*DESCRIPTION OF THE TASK:* Pictures are to be dropped from the copy. Retype the listing exactly.

*DATA EXCERPT:*
· · ·
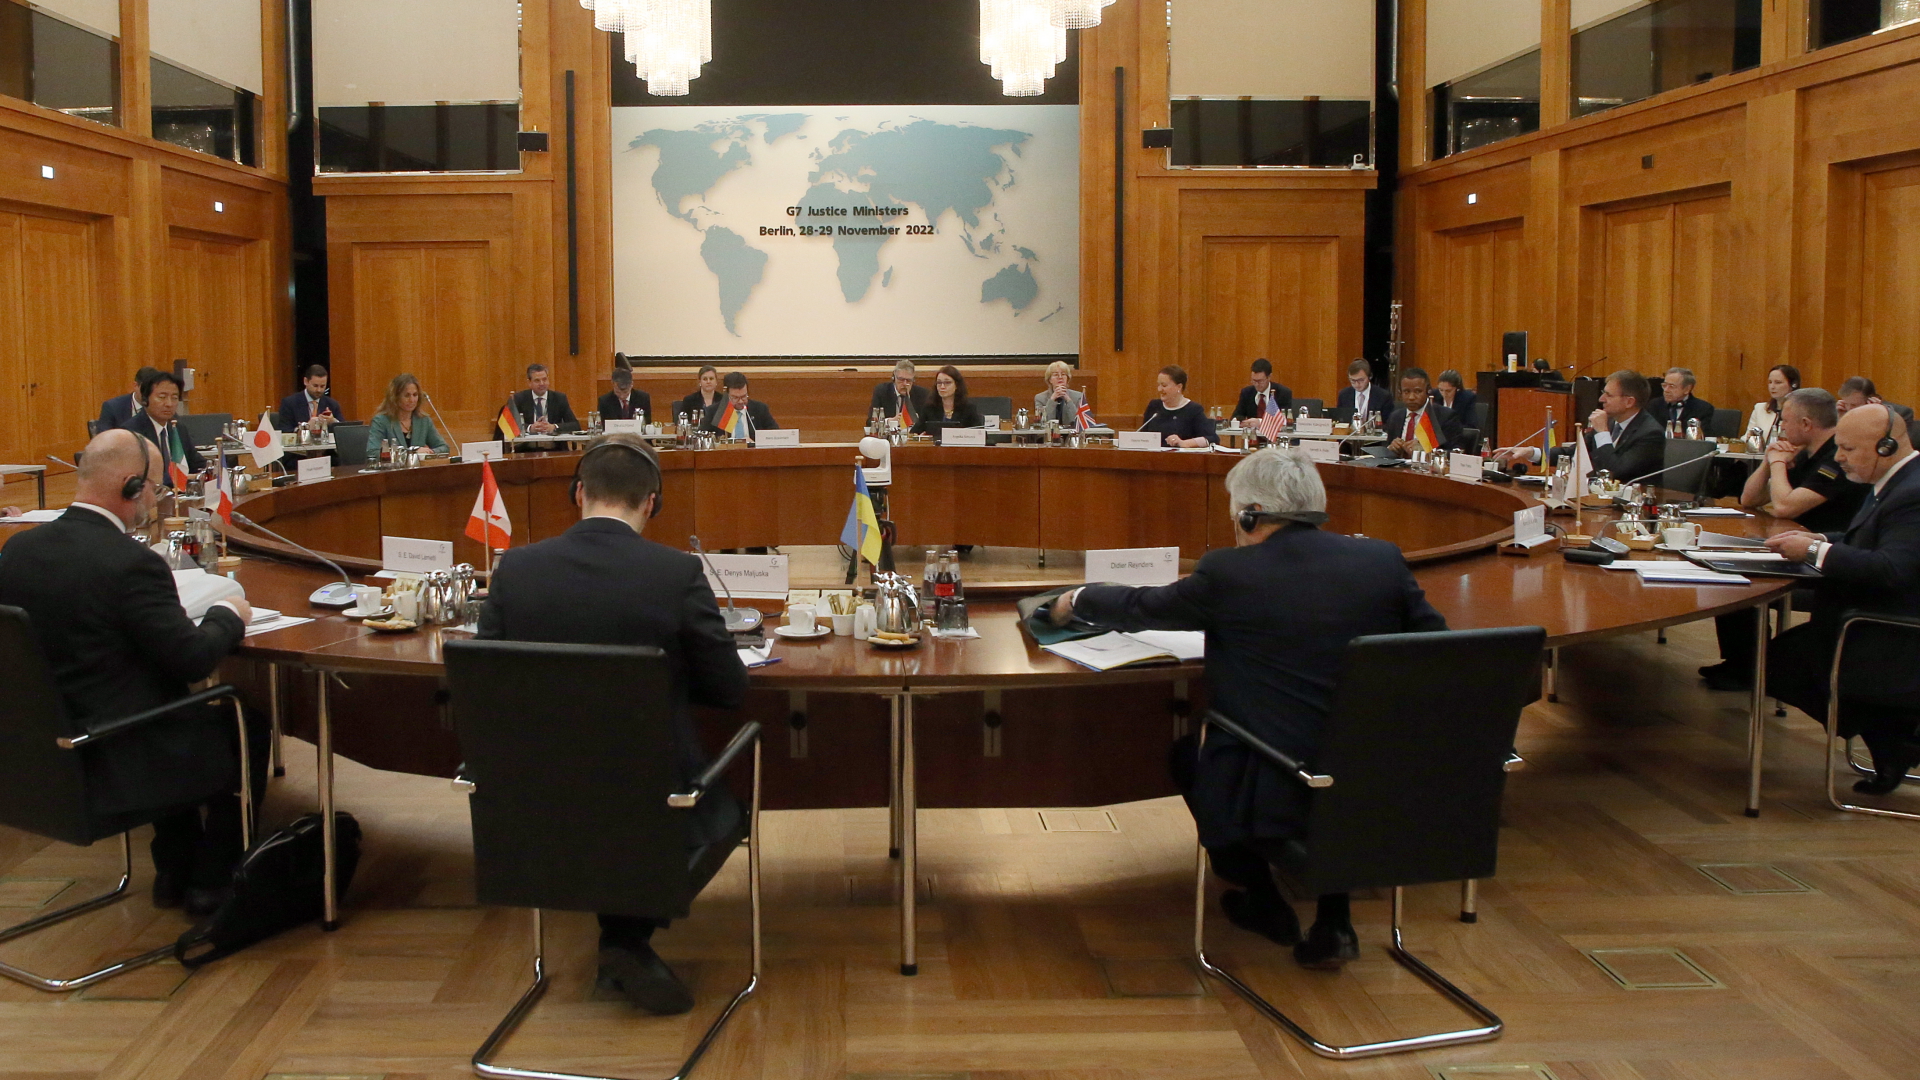 Marco Buschmann (FDP), Bundesjustizminister, leitet das Treffen der G7-Justizministerinnen und -minister im Auswärtiges Amt. | dpa
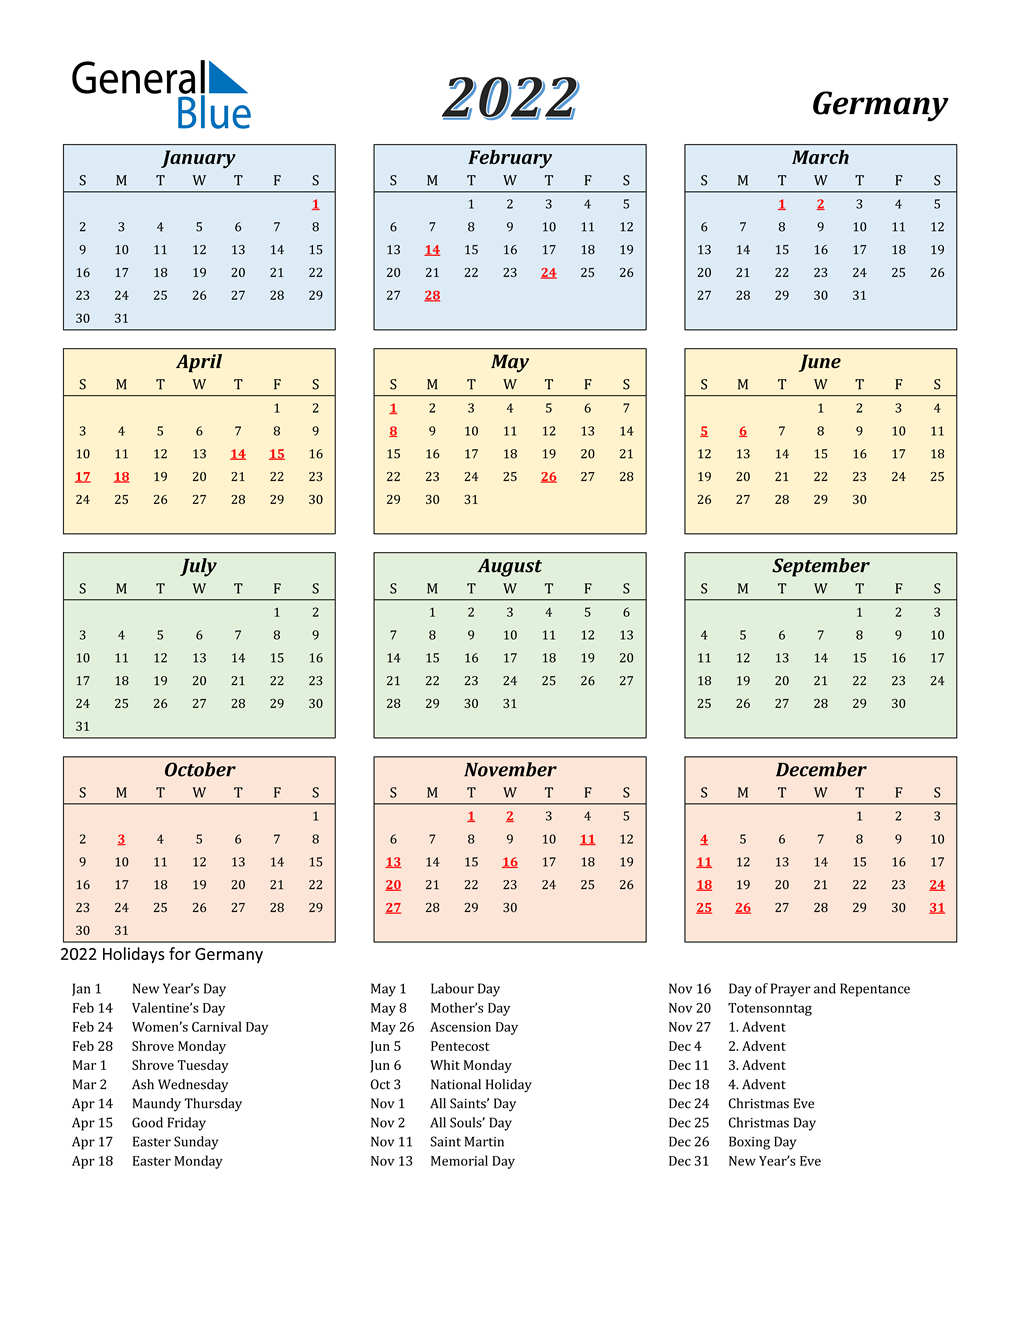 Get February 2022 Calendar Nz
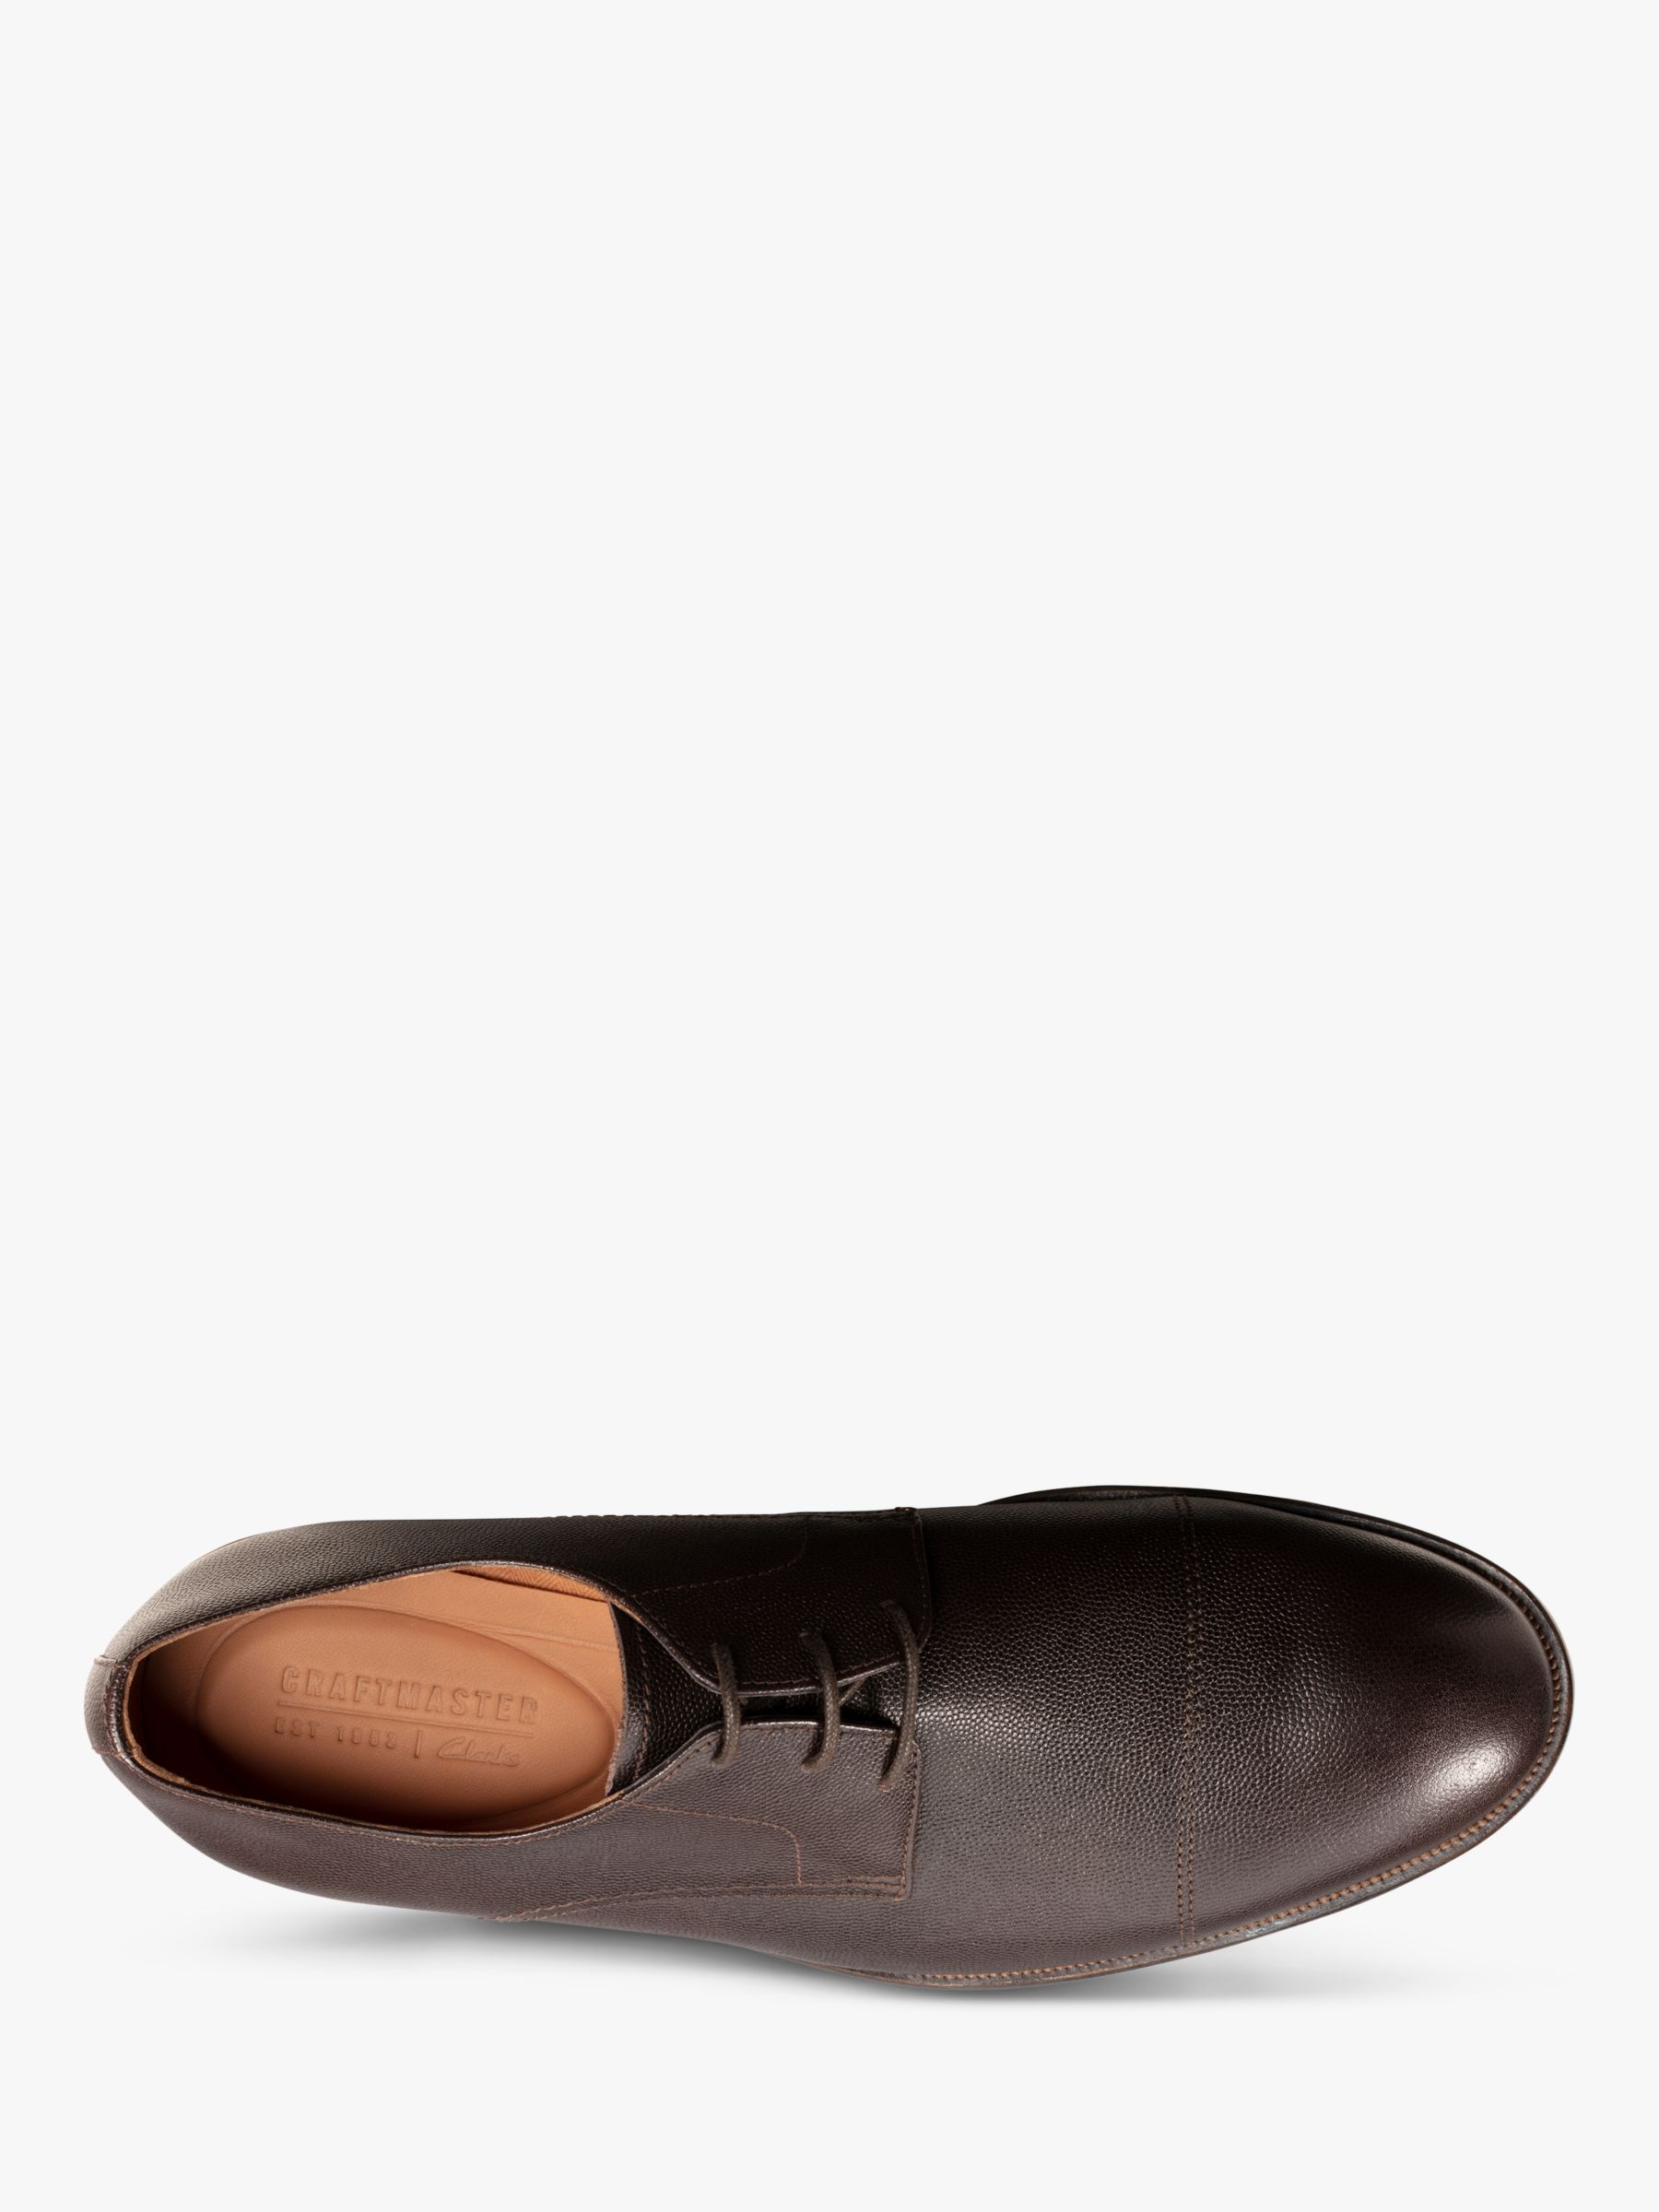 clarks dark brown shoes
· · ·
*YOUR RESPONSE:*
 Marco Buschmann (FDP), Bundesjustizminister, leitet das Treffen der G7-Justizministerinnen und -minister im Auswärtiges Amt. | dpa
 Get February 2022 Calendar Nz
 clarks dark brown shoes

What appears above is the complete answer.